D’abord avec prudence, pour ne pas nous tromper ou nous déséquilibrer, puis de plus en plus aisément et avec liberté.

Deux pas rapides ?? Quel choix !! La taille n’est pas précisée, l’attitude du corps n’est pas précisé, la façon de mettre le pied au sol non plus, la raideur ou la souplesse non plus…etc !!!

Pour le pas lent, il nous reste encore tout un tas de choix à faire : est-il petit ou grand ? Est-il assuré ou timide ? Est -il menaçant ou plein de finesse ? L’ensemble des pas se succédant va-t-il prendre beaucoup d’espace ou peu ? Cela va-t-il durer 10 secondes ou une minute ?…

 A chaque consigne -ainsi que pour l’ensemble des consignes- nous pouvons progressivement ajouter notre personnalité, notre envie du moment, si elle est cohérente et donne du sens à l’ensemble.

Nous pouvons habiter de plus en plus notre « texte », lui donner un sens qui est un combiné entre la demande précise qui est faite au démarrage et notre propre façon de l’appréhender. Nous nous dévoilons au travers de cet exercice : là est l’enjeu… et le plaisir…

Un texte musical nous laisse tout autant de choix possibles et nous devons en prendre conscience au fil des étapes.

La partition est là, devant nos yeux, neuve….

  • Les moyens techniques actuels nous aident énormément pour la première étape qui consiste à connaitre la mélodie parfaitement jusqu’à  pouvoir la fredonner sans erreur.

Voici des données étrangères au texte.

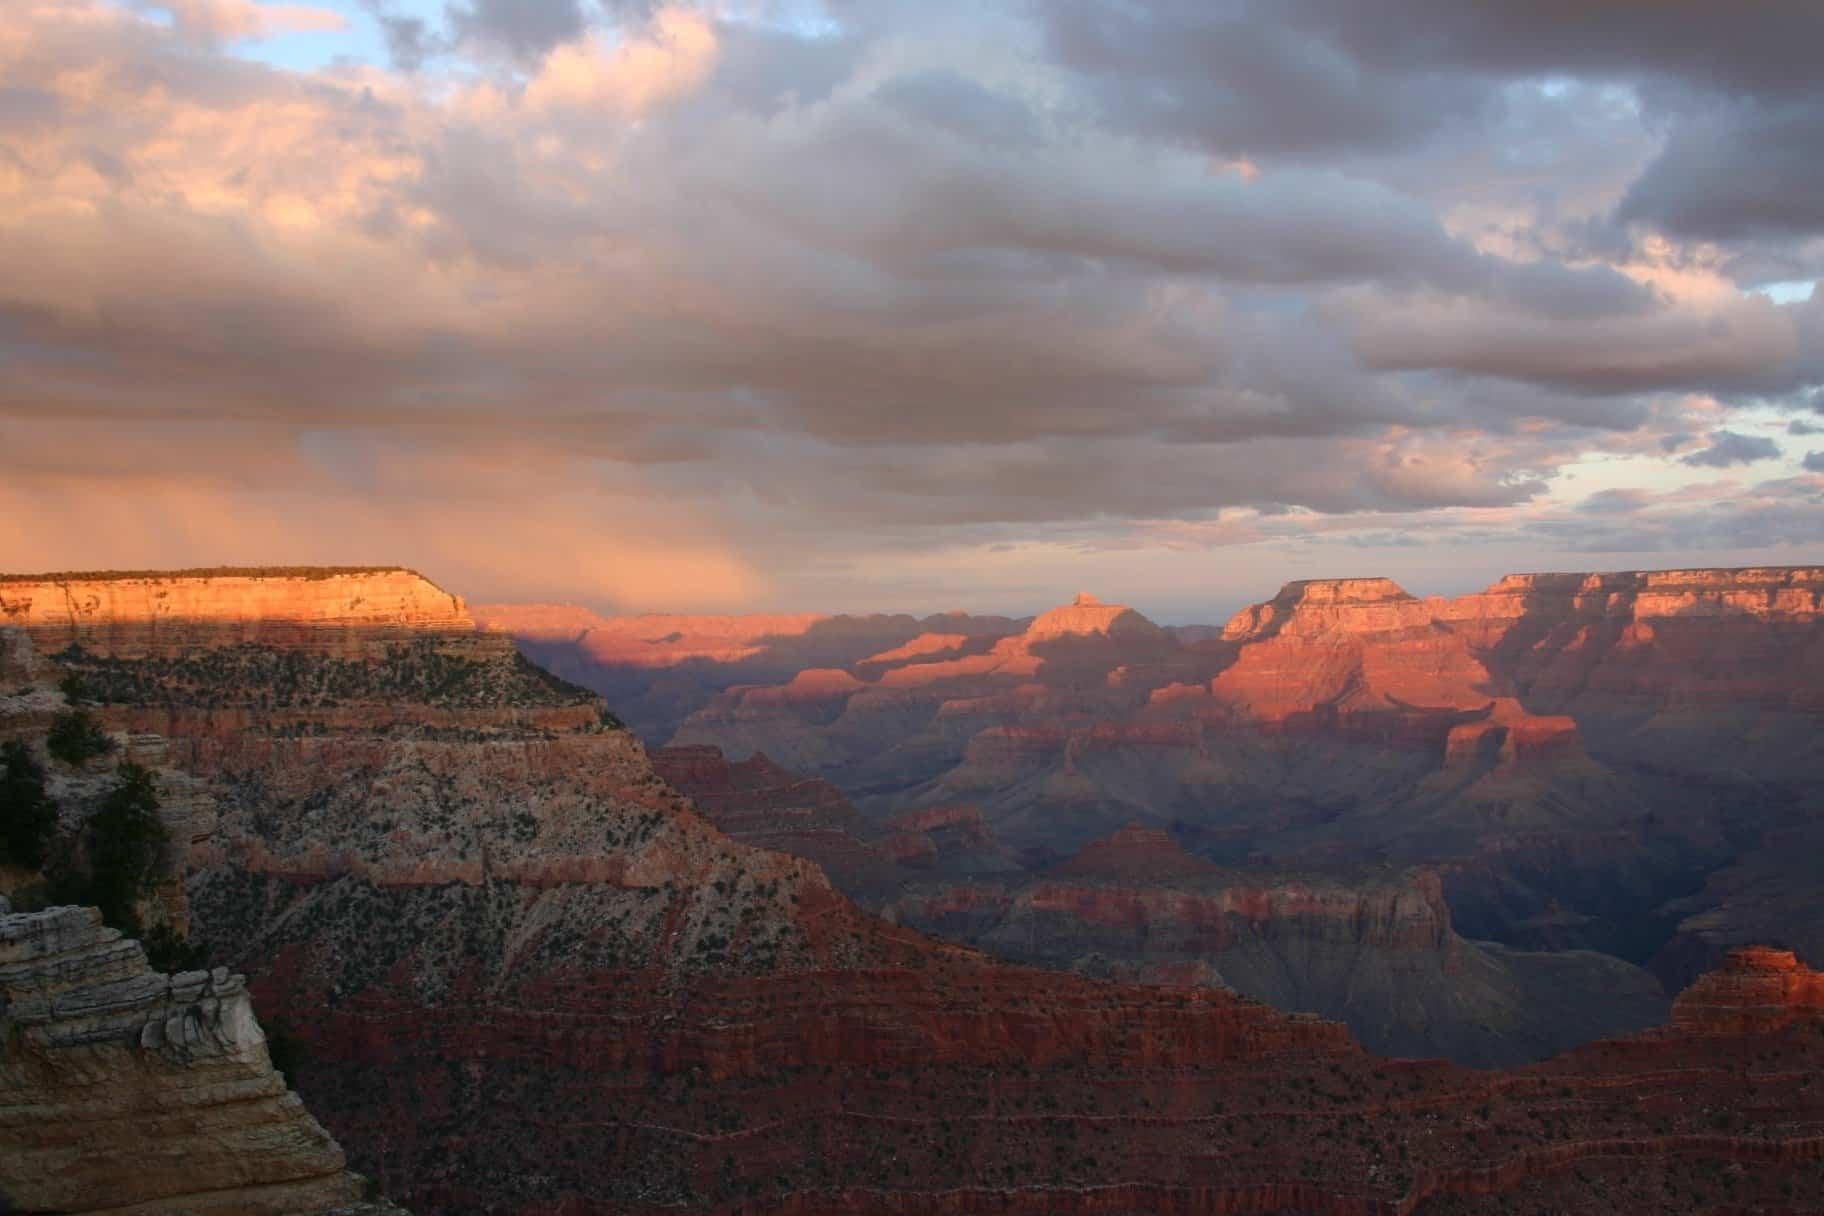 Cute Wallpaper Hd 1080p Free Download Gratis Billede Sunset Landskab Dawn Cloud Bjerg

Trouver un enregistrement est de plus en plus aisé : de nombreuses méthodes fournissent une source d’écoute : CD ou site internet sur lequel les morceaux sont joués. Ou bien le professeur peut faire un enregistrement audio du morceau…  Cela nous facilite bien la vie !

La mélodie doit donc pouvoir être chantée et bien s’inscrire dans la mémoire. De la même façon  qu’avec l’exemple des pas, nous prendrons conscience progressivement de notre liberté par rapport à elle : vitesse, phrasé, ambiance, sous texte, corps vivant et actif, en résonance avec la phrase.

Notre modèle est donc en place ! Nous pouvons l’entendre dans notre tête avec le son que nous aimerions produire avec notre instrument… Il s’agit là d’une transmission orale.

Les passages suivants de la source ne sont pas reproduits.